Cloud Security and Managing Third-Party Risks

Recent data breaches, such as those experienced by the U.S. cloud provider, PCM¹, illustrated that cyberattackers were able to access both client email and file-sharing systems by accessing PCM’s administrative credentials. There was extensive coverage of this breach in SCMagazine, Information Security Buzz, and Infosecurity Magazine. It appears that the attackers had access to PCM’s administrative credentials which they used to manage all of their client Office 365 accounts. PCM is a very substantial company, and has a heavy investment in cybersecurity with over 4,000 employees, 2,000 customers and over $2 billion in revenue in 2018. You would expect that their clouds were properly configured and well protected.

In the event that an attacker can gain complete access to your email administration this may be a potential disaster. Most of the authentication for many of your other business accounts requires control of your email account. Further, by having access to your email account cyberattackers can find and reset perhaps dozens of related online accounts by sifting through the data within the compromised email account. All in all, this could be a disaster under most circumstances. Data protection is your responsibility, not the SaaS application provider, nor the cloud infrastructure services provider. When things go wrong you will be liable.
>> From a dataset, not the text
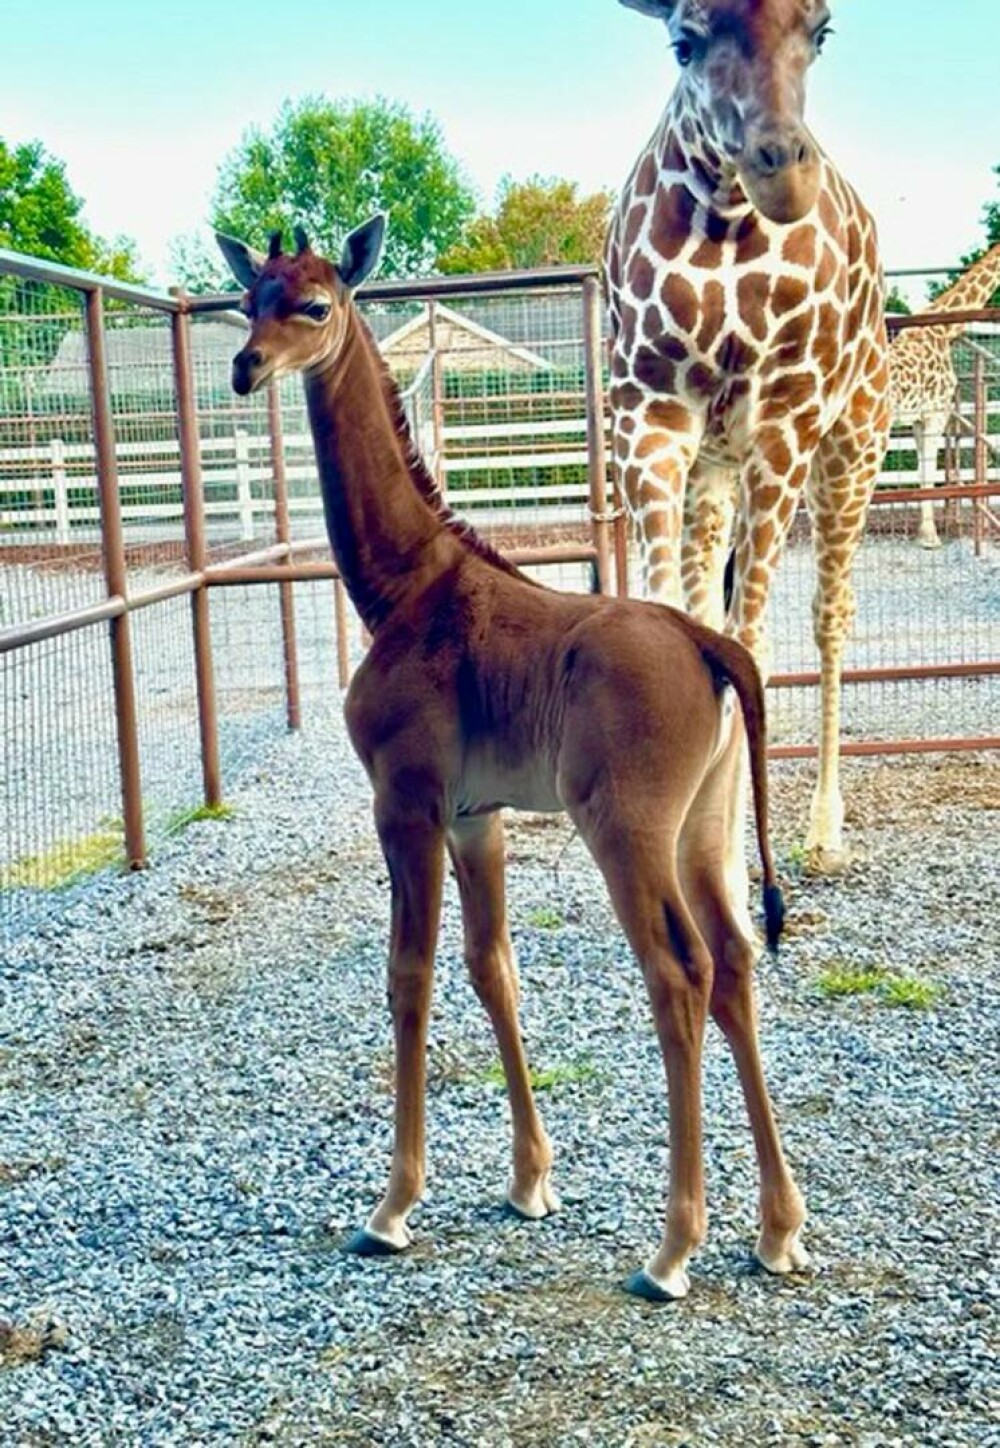 O girafă fără pete s-a născut într-o grădină zoologică din SUA. Ar putea fi unică în lume - Imaginea 2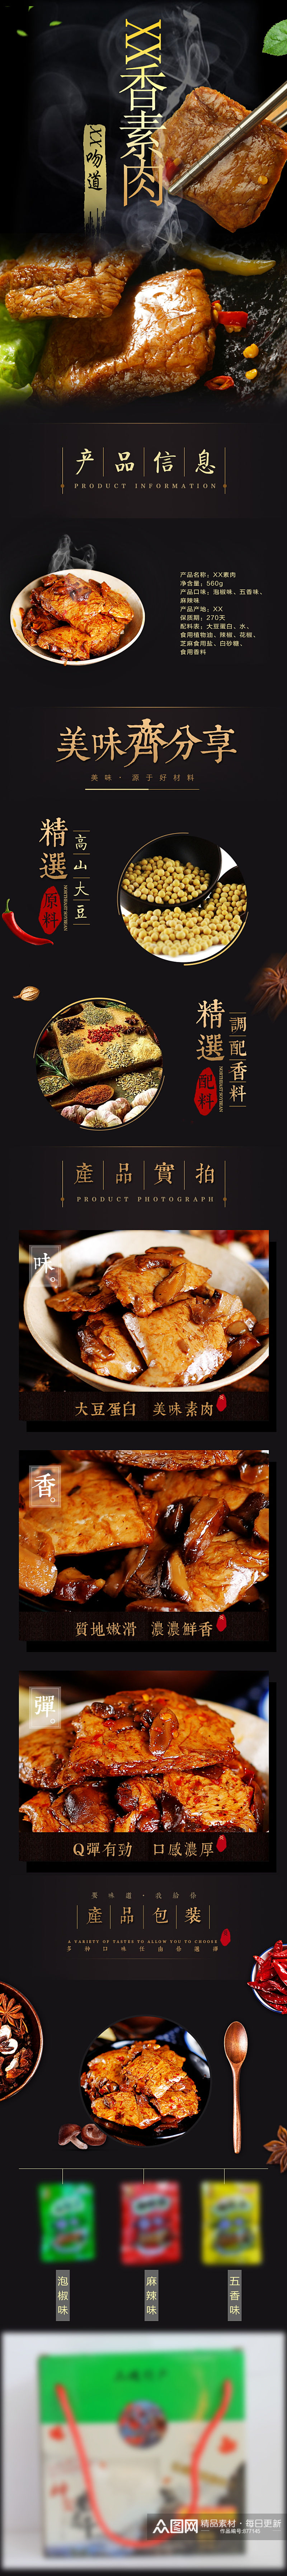 香素肉豆腐食品淘宝天猫详情页素材

In context, this attack on PCM was strikingly similar to the cyberattack against India-based Wipro. During the Wipro attack their internal credentials were compromised and used to obtain customer data. The attacks have not been proven to be linked, but there are many similarities. These attackers were able to exploit one of the many attack vectors which present top cloud security threats. Other risks include insecure API interfaces, system vulnerabilities, account hijacking, malicious insiders, malware, advanced persistent threats, and much more. 

It has become very apparent that attackers will penetrate your on-premise and cloud networks at some point. It is almost unavoidable. You cannot build a wall and keep attackers out. The only thing you can really control is how well you can minimize their opportunities for breach, make sure your security controls are working as expected (perhaps operationalize MITRE ATT&CK or a similar protocol), detect them closer to the time of the initially breach and reduce their time moving freely within your network (dwell time). Most important, you must restrict their access to data at every turn they make while they are active within your network. Of course, once detected you must shut them down rapidly and then return to normal business operations. 

There is quite a bit of light at the end of an otherwise very dark tunnel. The data protection capabilities of Cloud Access Security Brokers provide the ace in the hole and the insurance policy that you required to protect your cloud-based instances and the supply chain you depend upon. 

CASB can bring important and critical features for threat and data protection, including Zero Trust end-to-end encryption, data masking, multi-cloud support, and much more. CASB technologies such as data loss prevention (DLP), native device management, secure offline data access, automated PII anonymization, and digital rights management can also provide the protection your data will need to stay secure. In the final analysis, data which is secured by encryption cannot be, by definition, breached, as the attacker has no access to it. Comprehensive encryption which is dynamically and automatically applied is the key to securing your kingdom.

CipherCloud aligns our approach for encryption with the tenets of Zero Trust. Zero Trust end-to-end encryption is the most comprehensive approach to data pseudonymization available today. Zero Trust ensures that your enterprise will have complete and continuous control over sensitive data (e.g. PII, PHI, IP, confidential documents), regardless of whether or not it is structured, unstructured, on-premise, in the cloud, or on an endpoint device.

The CipherCloud CASB encrypts data at the boundary of the enterprise so that data in the cloud is always safe. This is true regardless of how the data is being used or processed within the application. This applies when the data is in transit (through the network); within the cloud application layer, API, middleware, or memory; in use (on the client device); and at rest (in the database). The encrypted data is completely protected 100 percent of the time. 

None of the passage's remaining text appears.